In the city’s northeast, New Town and Rajarhat are evolving as organic growth corridors, supported by strong airport connectivity, road networks, and quality healthcare infrastructure.

“New Town is now positioning itself as a luxury housing hub, with projects starting at around ₹2 crore. In Rajarhat, homes on Rajarhat Road are available from ₹75 lakh onwards,” Kumar said.

Prashant Kumar Chaturvedi, city head, Kolkata at ANAROCK Group, said that metro access will help suburbs evolve into self-sustaining hubs. “These corridors are very important and fast-growing in terms of activity. Residential prices in Kolkata have been rising steadily at around 5–7%, while commercial price growth has been stronger, in the range of 8–10%. While property appreciation here may not be as steep as in some other metros, the momentum is clearly building,” he said.

Vivek Rathi, head of research at Knight Frank India, stressed that infrastructure plays a pivotal role in shaping real estate growth.
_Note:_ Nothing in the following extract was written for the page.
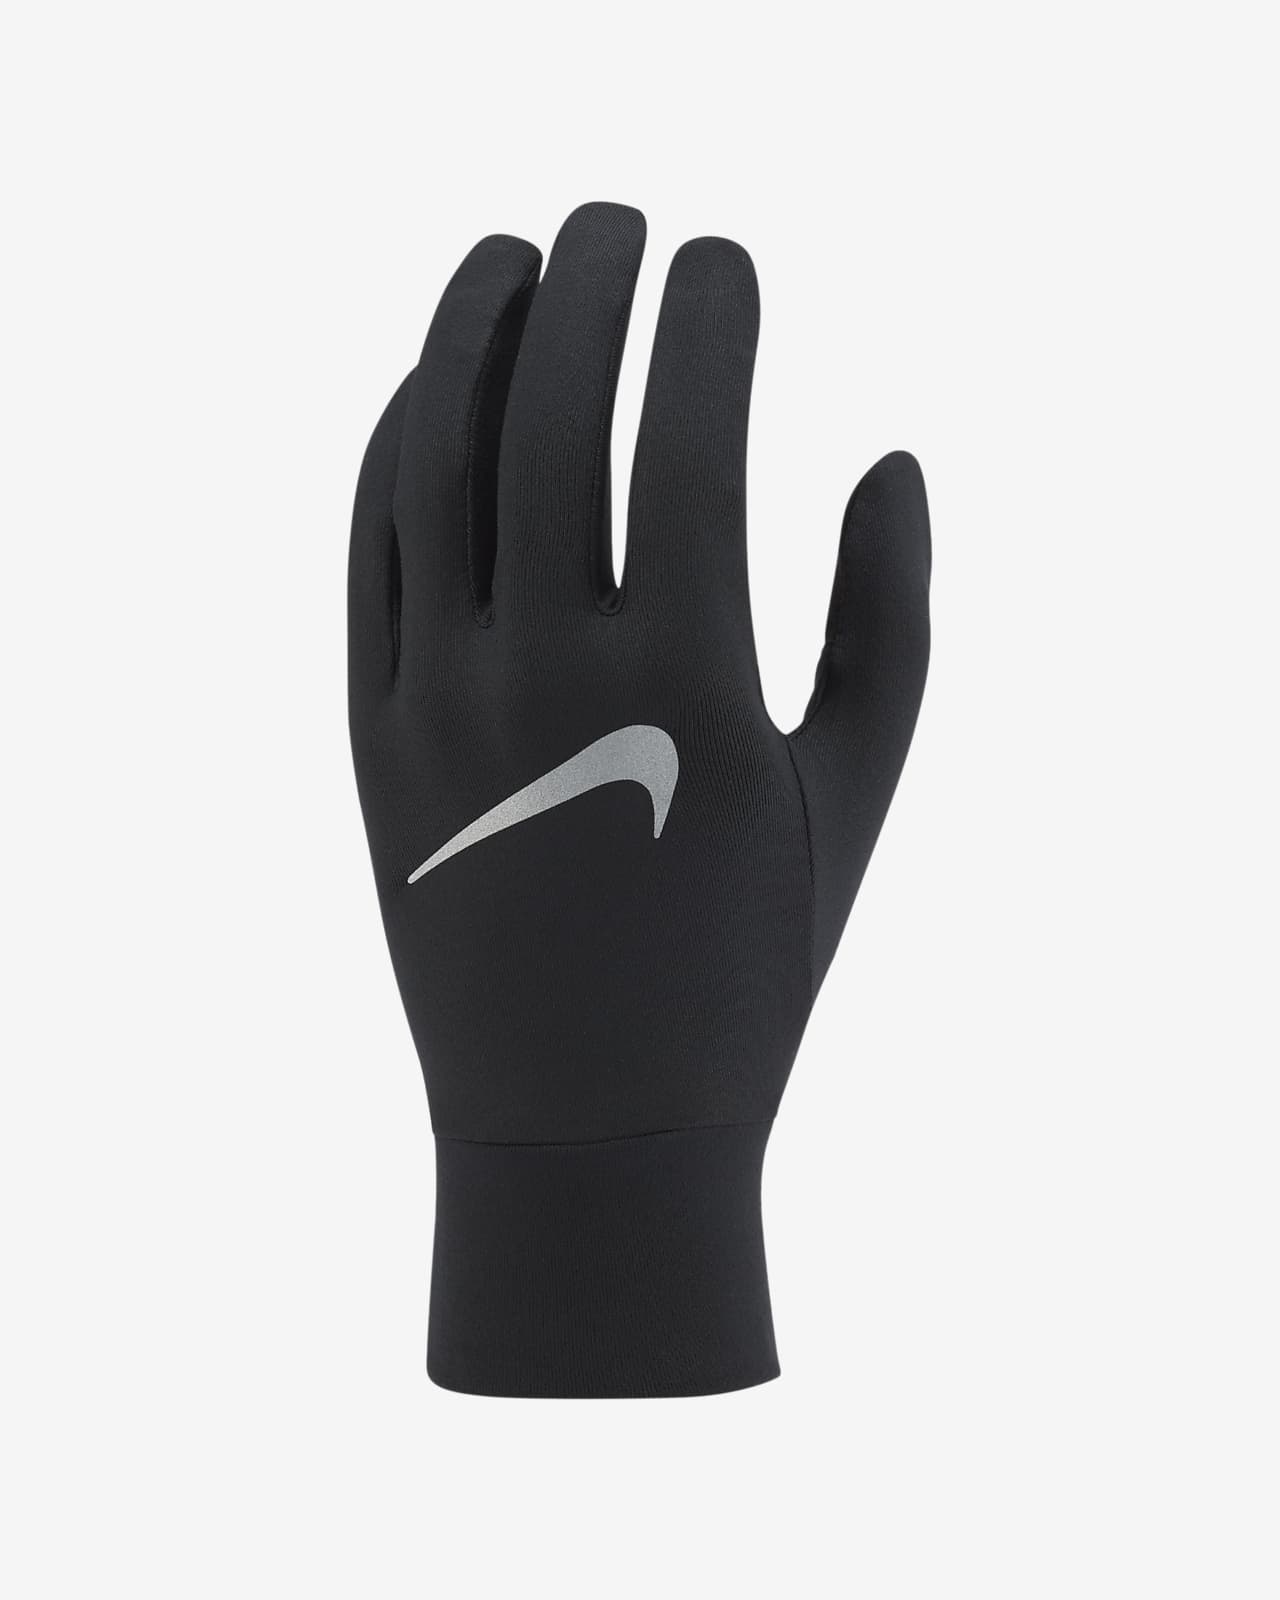 Nike Accelerate Men's Running Gloves

He said the new metro lines would not only ease access to established centres like Salt Lake and Rajarhat but also unlock new opportunities in peripheral areas, establishing Kolkata’s position as an increasingly competitive real estate market.

Frequently Asked Questions

What are the new metro stretches inaugurated by PM Modi in Kolkata?

The new stretches inaugurated by PM Modi include the Green Line from Sealdah to Esplanade (2.45 km), the Orange Line from Hemanta Mukhopadhyay to Beleghata (4.39 km), and the Yellow Line from Noapara to Jaihind Bimanbandar (6.77 km).

How is the metro expansion expected to impact property values in Kolkata?

Experts project a 5% rise in property values in the eastern and southern regions of Kolkata, driven by improved connectivity and reduced travel times.

Which areas are expected to see significant real estate growth due to the new metro lines?

Areas like Salt Lake, New Town, Howrah, and the airport zone are expected to see significant real estate growth, with new projects and increased property values.

How will the new metro lines affect commercial and residential properties?

The new metro lines will likely increase the absorption of office and retail space, making suburban areas more attractive for both residents and businesses, and driving up property values.

What is the expected impact of the new metro lines on Howrah and the airport zone?

Howrah will become more accessible, and the airport zone will transform with reduced congestion and traffic bottlenecks, leading to the emergence of new growth pockets.